Moon urges aides to prep for ties with North
Moon also called on the Blue House and government to devise “short- and long-term visions” for carrying out his New Korean Peninsula Regime, indicating that his push to economically re-engage with Pyongyang will be unaffected by the breakdown in talks between North Korean leader Kim Jong-un and U.S. President Donald Trump.
Moon’s comments on Monday came during his first time presiding over a plenary session of the National Security Office in nine months. The last was on June 14 last year, a day after the first Kim-Trump summit in Singapore.
In the meeting at the Blue House, which was attended by his prime minister, secretaries, some ministers and the National Intelligence Security director, Moon spent the entirety of his opening remarks on the second summit between Kim and Trump and how Seoul can help overcome the impasse.
Blue House spokesman Kim Eui-kyeom later told reporters that, during the meeting and after Moon’s opening remarks, South Korea’s Foreign Minister Kang Kyung-wha said her ministry would come up with various ways to enhance talks between Washington and Pyongyang, such as pushing for a track 1.5 meeting of government officials and private-sector experts from South Korea, North Korea and the United States. Kang was quoted as saying it’s been proven “clear” from last week’s summit that the issue of contention between Pyongyang and Washington was that the United States wants the North to demolish its Yongbyon nuclear facility in addition to other measures in return for relief on some sanctions.
Unification Minister Cho Myoung-gyon told the National Security Council meeting that his ministry would prepare to discuss resuming two key inter-Korean economic projects with the United States. He took a cue from Moon’s national address last Friday that Seoul would consult with Washington on ways to resume tourism to Mount Kumgang and reopen the Kaesong Industrial Complex. The two projects, which are just above the inter-Korean border, were shut down by the past two conservative administrations of South Korea.
National Defense Minister Jeong Kyeong-doo vowed to hold a high-level military meeting with Pyongyang by the end of this month to carry out the agreements made on Sept. 19 last year in a South-North military pact.
In his opening remarks, Moon said it was sad that the second summit failed to bear fruit in Hanoi, but also stressed that it was an opportunity to see some “very significant achievements” made so far in North-U.S. discussions. The president then spent half of his opening speech trying to convince his aides that the summit didn’t end badly after all.
Moon lauded both sides for having talked about the complete demolition of North’s Yongbyon nuclear facility under the observation of American experts, saying the scrapping of Yongbyon would mark an “irreversible” step in North Korean denuclearization.
The fact that both sides discussed the easing of sanctions on the North was a “big step forward” compared to the first summit, said Moon, because it showed what reciprocal measures the United States was willing to give to the North in return for its substantial denuclearization measures. Moon, however, didn’t mention how the summit was cut short because Kim and Trump failed to find middle ground on this crucial issue.
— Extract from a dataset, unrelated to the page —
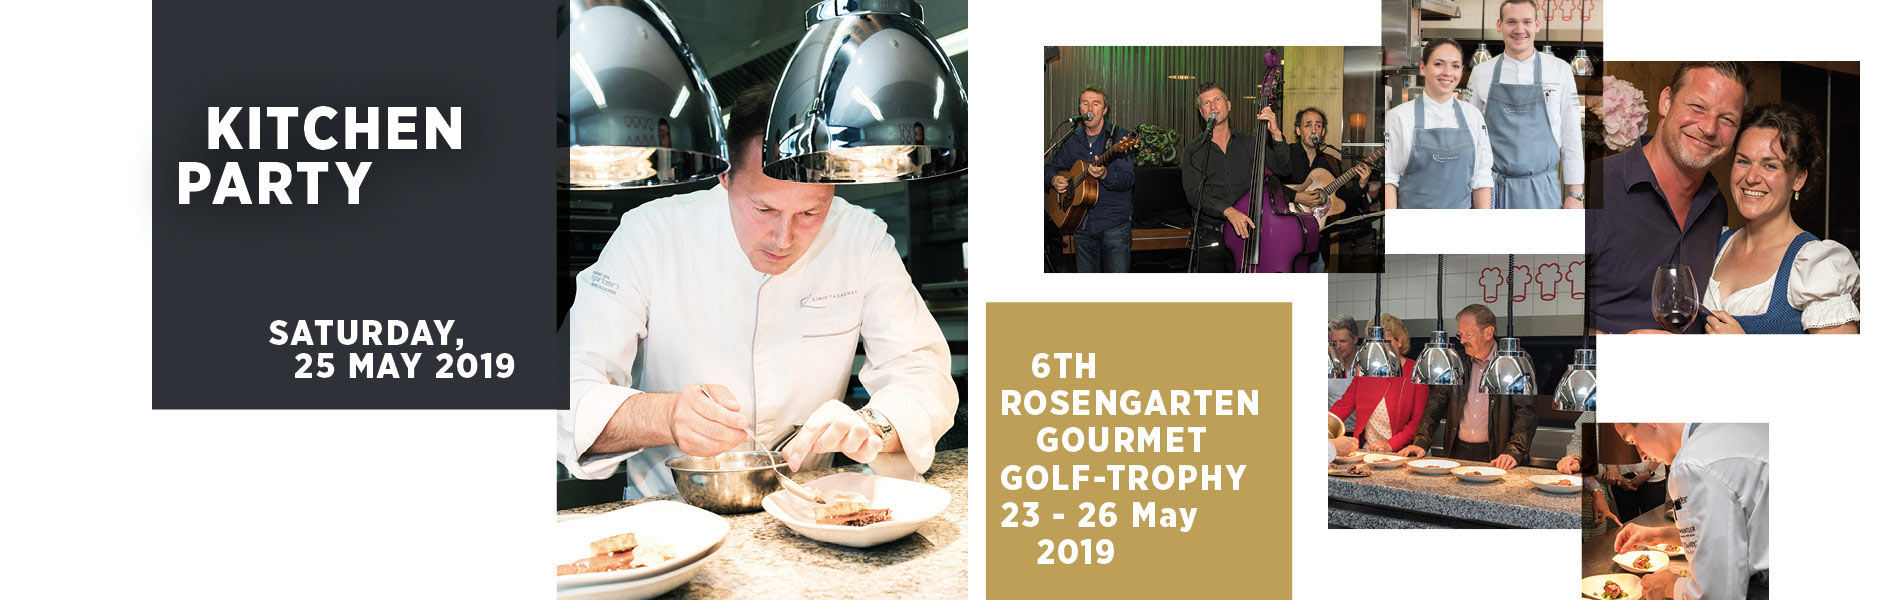 Gourmet Golf Trophy 5 star hotel Rosengarten Kirchberg Tyrol Austria kitchen party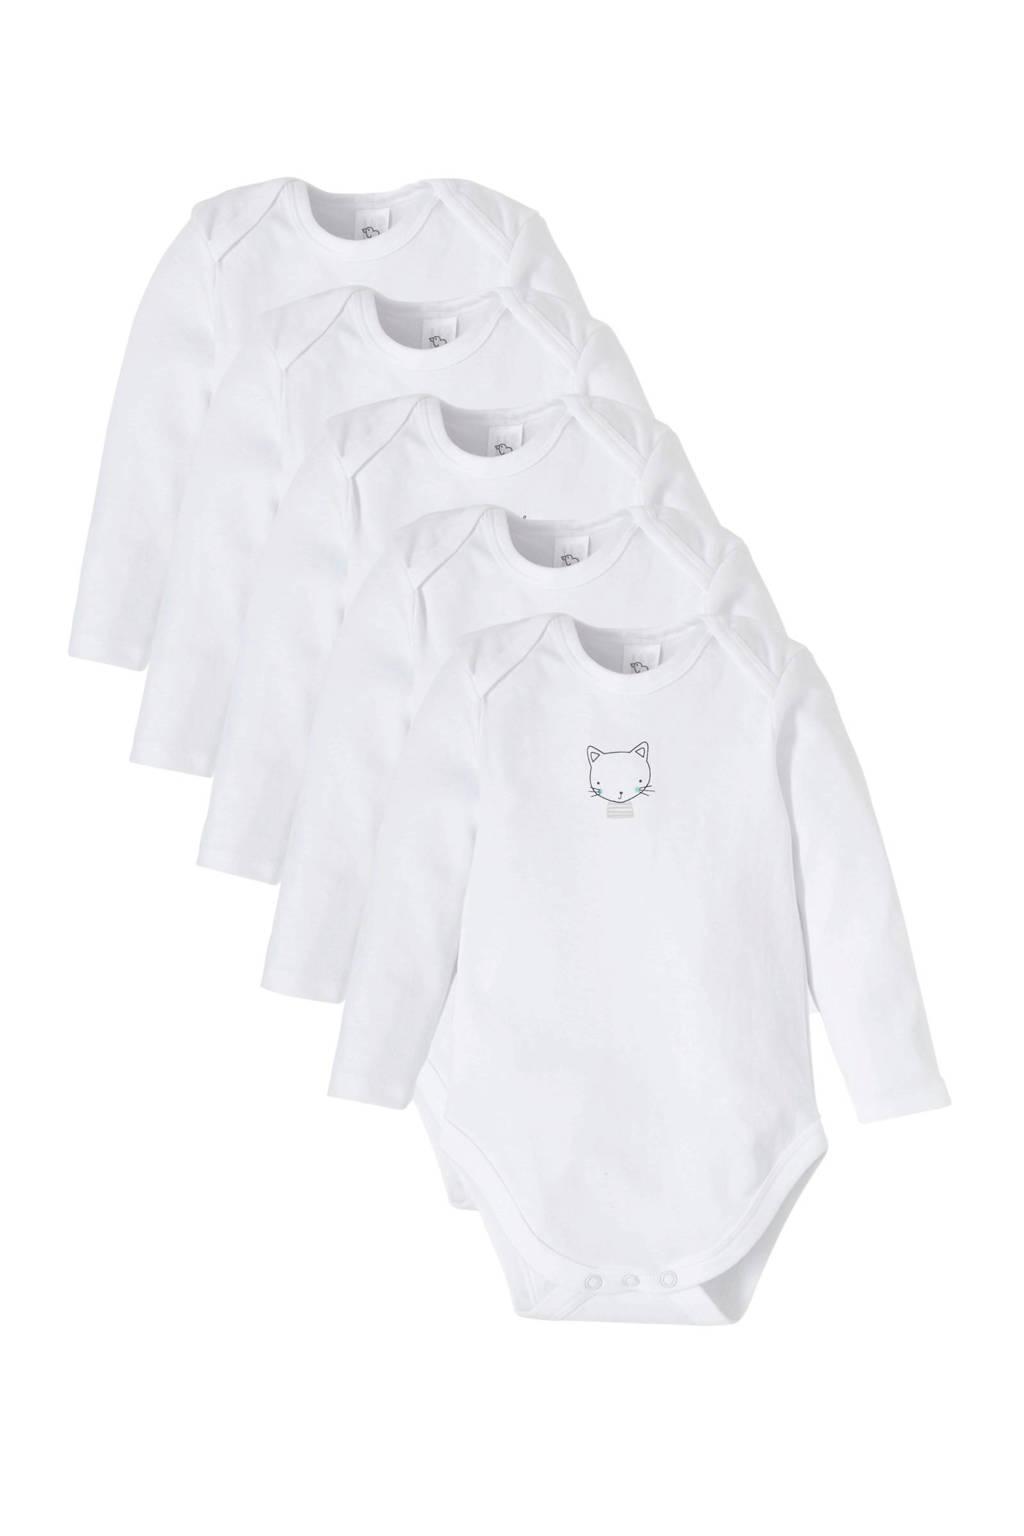 C&A Baby Club romper - set van 5 wit, Wit

Thirdly, Moon said, it was meaningful that the establishment of a U.S. liaison office in the North was brought up because the space would come in handy when a team of American experts later set foot on North Korean soil to observe Pyongyang’s demolition of its nuclear facilities, materials and weapons. On another positive note, Moon said Trump and Kim didn’t bash each other after the summit, but instead, highlighted their mutual trust and expressed a willingness to continue talks.
Moon said he looked forward to seeing Kim and Moon meet “at an early date” to strike a deal, adding that it was pertinent for Seoul to now look for ways to narrow the gap between the North and United States and help them resume working-level discussions.
The South Korean president urged his aides to carry out South-North cooperation initiatives that were agreed to last year by the two Koreas in the Panmunjom Declaration and Pyongyang Declaration, without naming any specific projects. He also asked them to map out his New Korean Peninsula Regime vision.
Last Friday, as he was addressing the public for the centennial of the March 1 Independence Movement, Moon referred to the New Korean Peninsula Regime as “a new community of economic cooperation” between the two Koreas to create a new order of peace and cooperation.